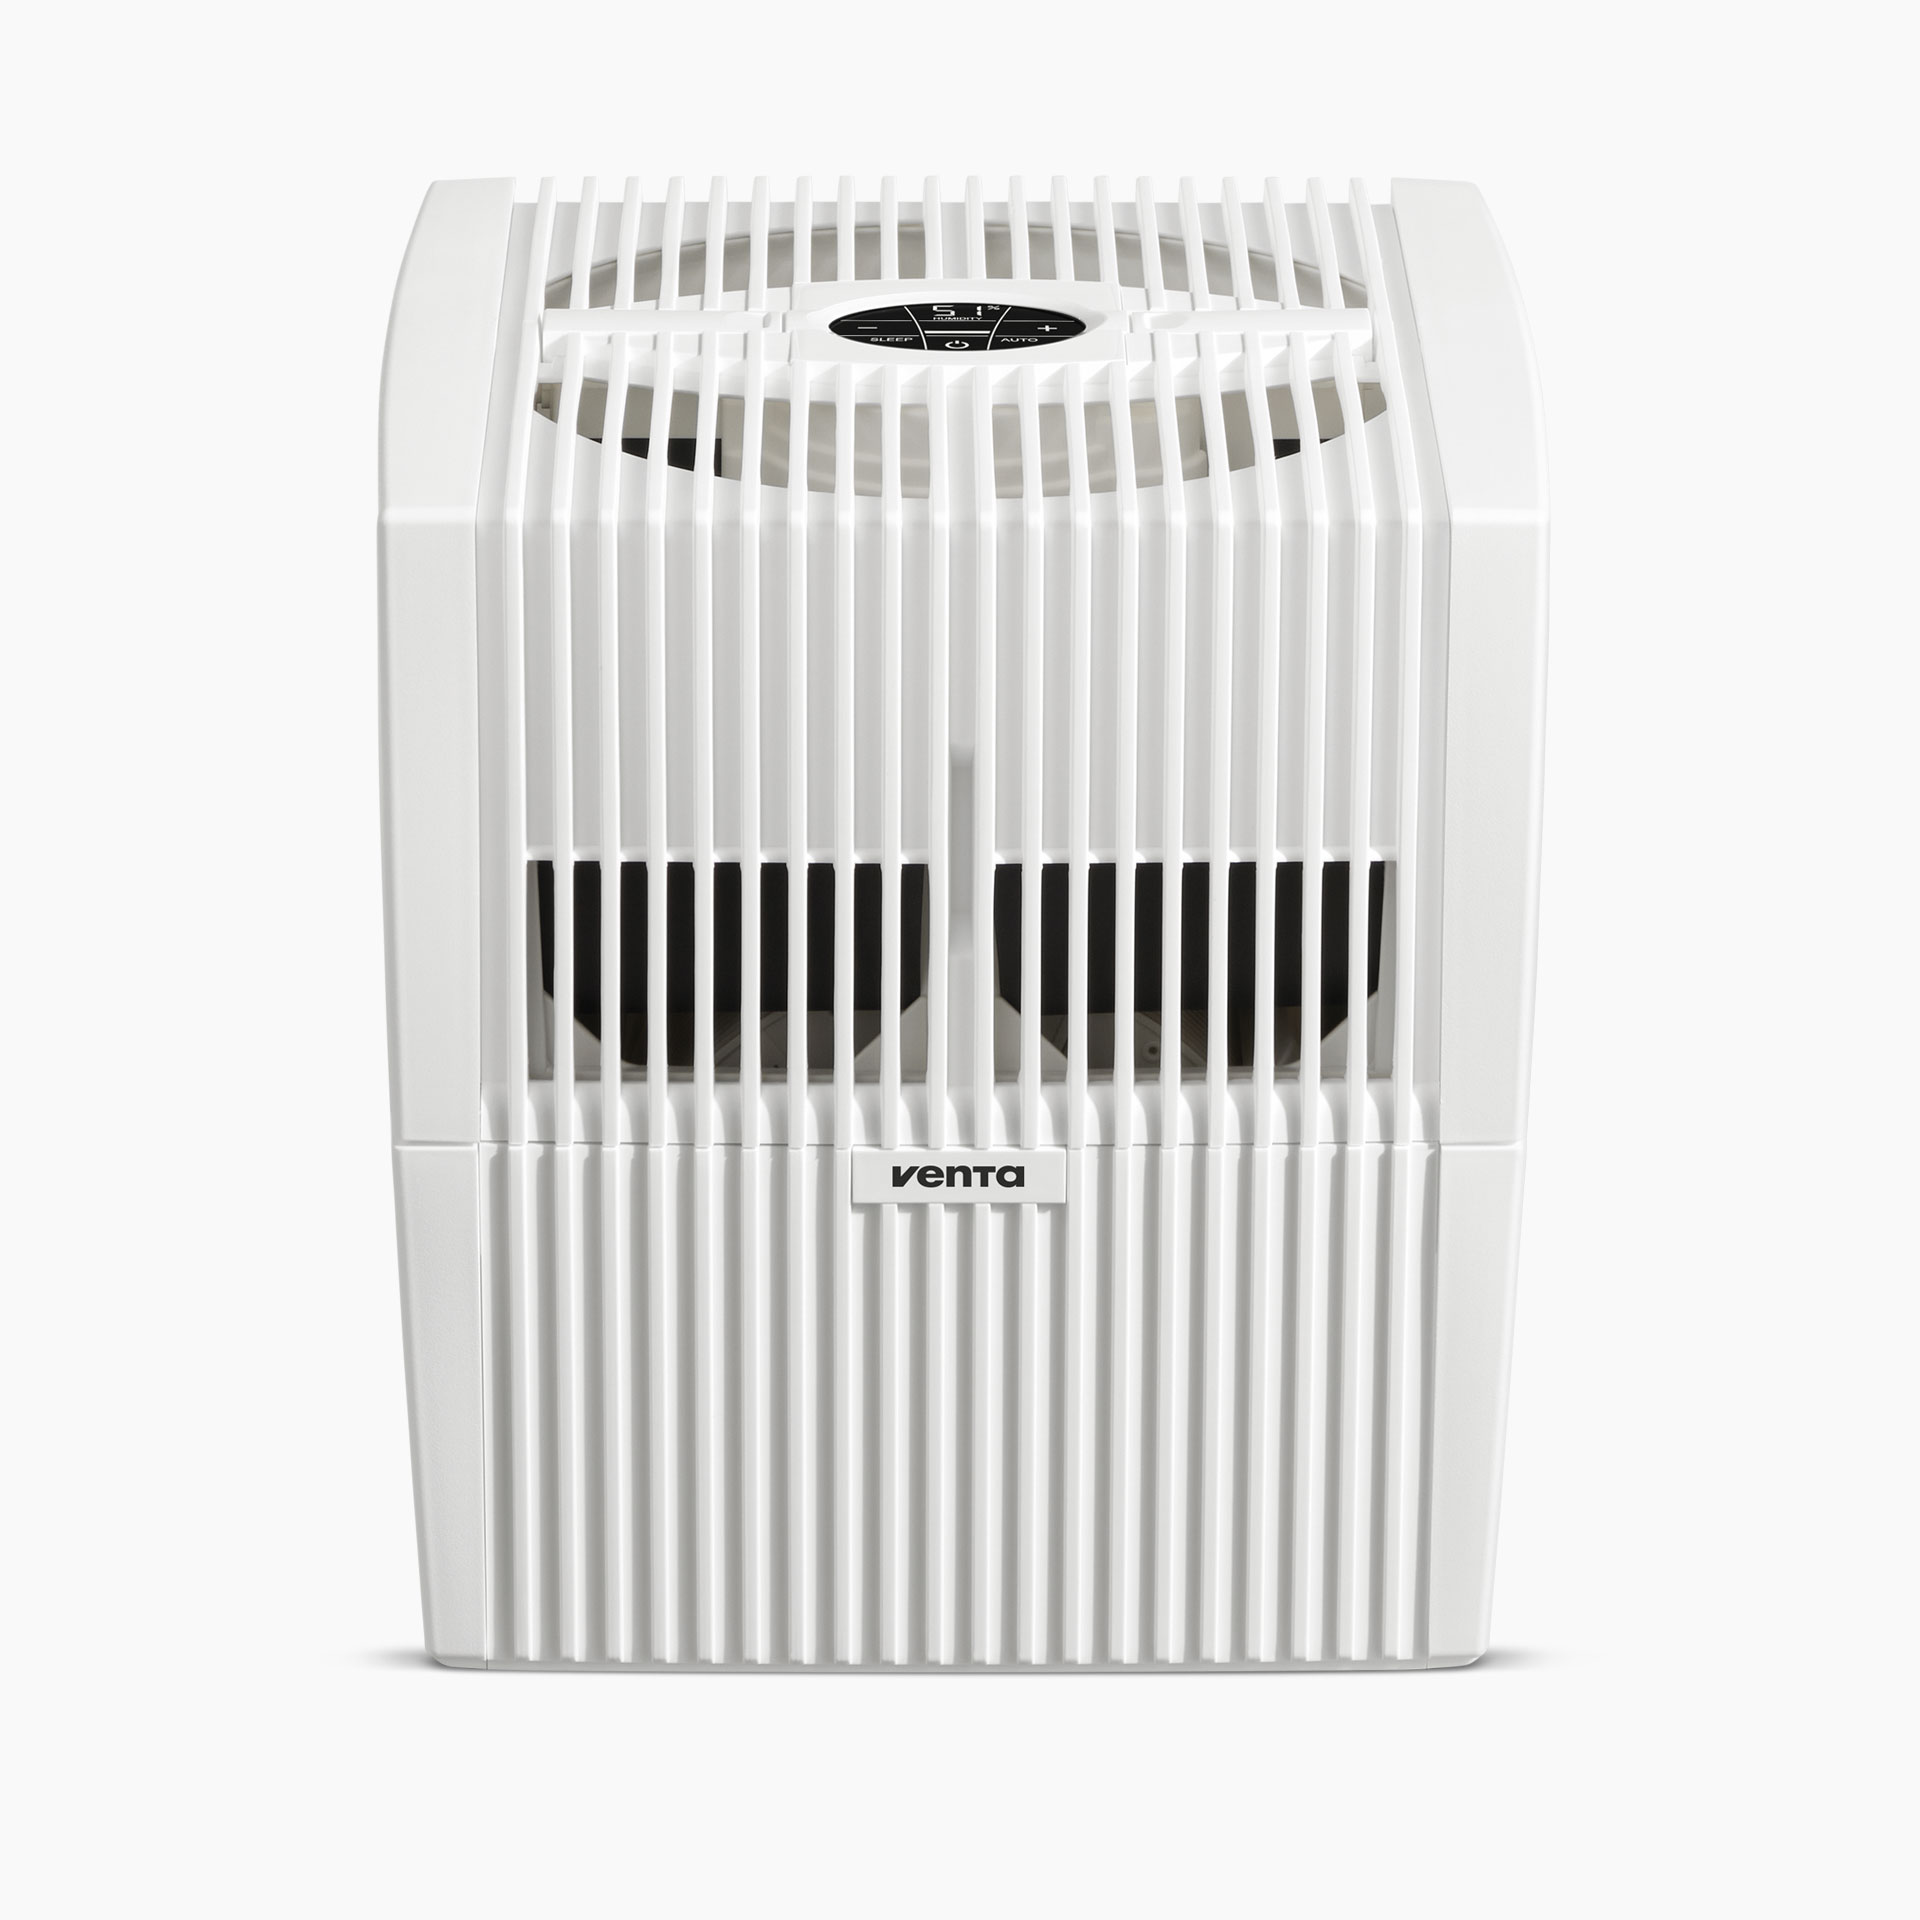 VENTA Comfort plus humidifier LW 15 white (35m2)
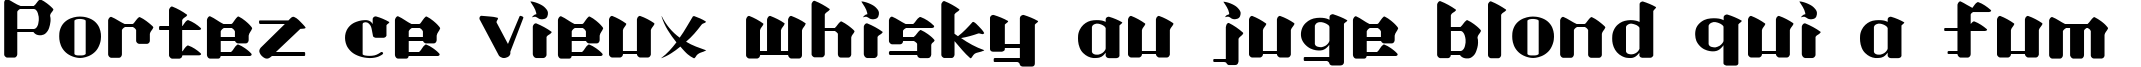 Пример написания шрифтом Lightmorning текста на французском
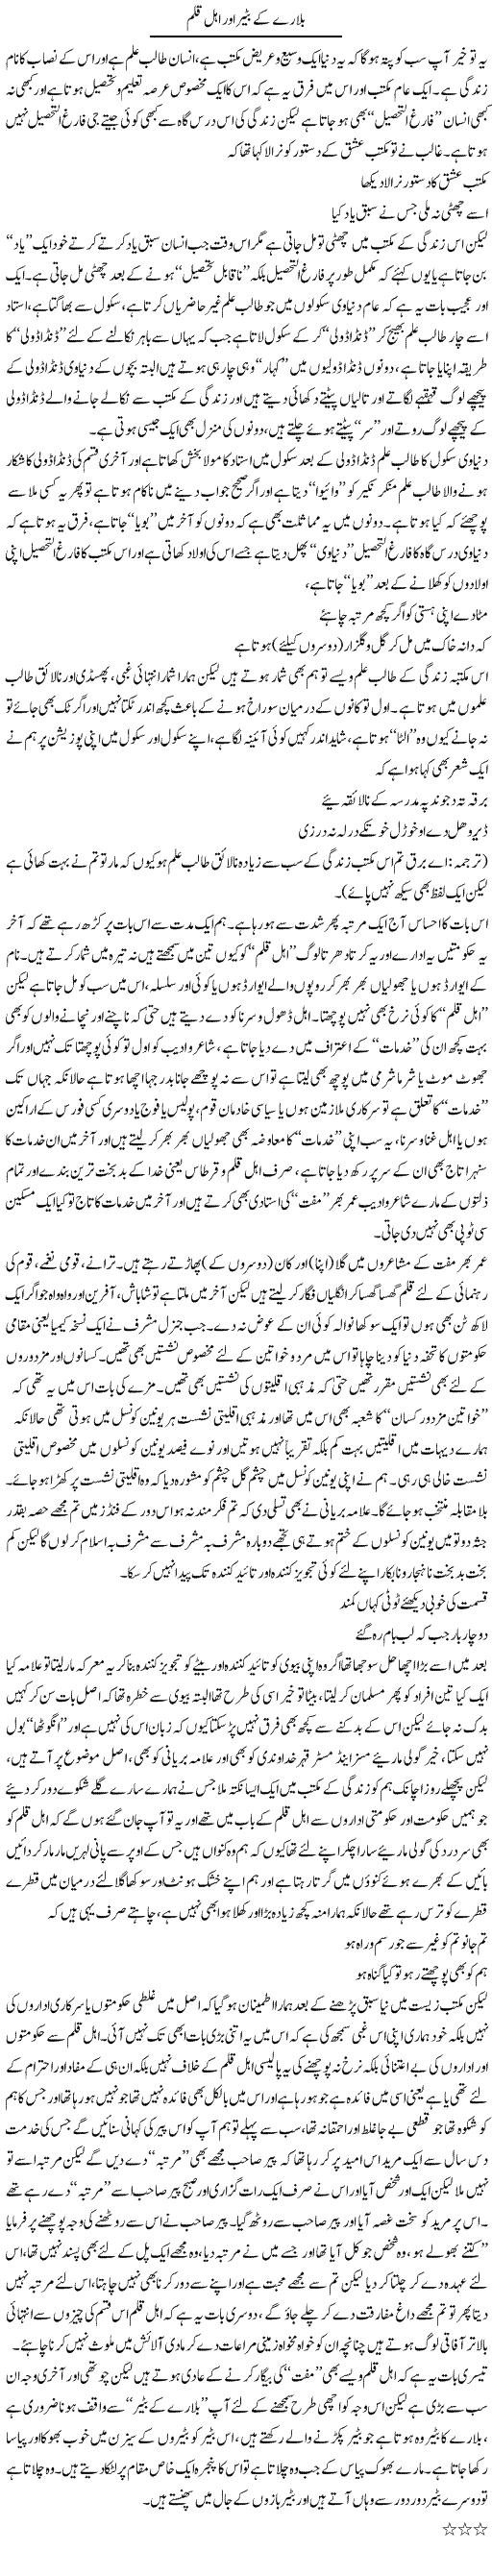 The Writers Express Column Saadullah Barq 24 May 2011

====

**Exercise goal**.
The answer must be the full listing above, copied exactly, with no pictures in it.

**Result of the exercise**.
 VENTA Comfort plus humidifier LW 15 white (35m2)
 Пример написания шрифтом Lightmorning текста на французском
 The Writers Express Column Saadullah Barq 24 May 2011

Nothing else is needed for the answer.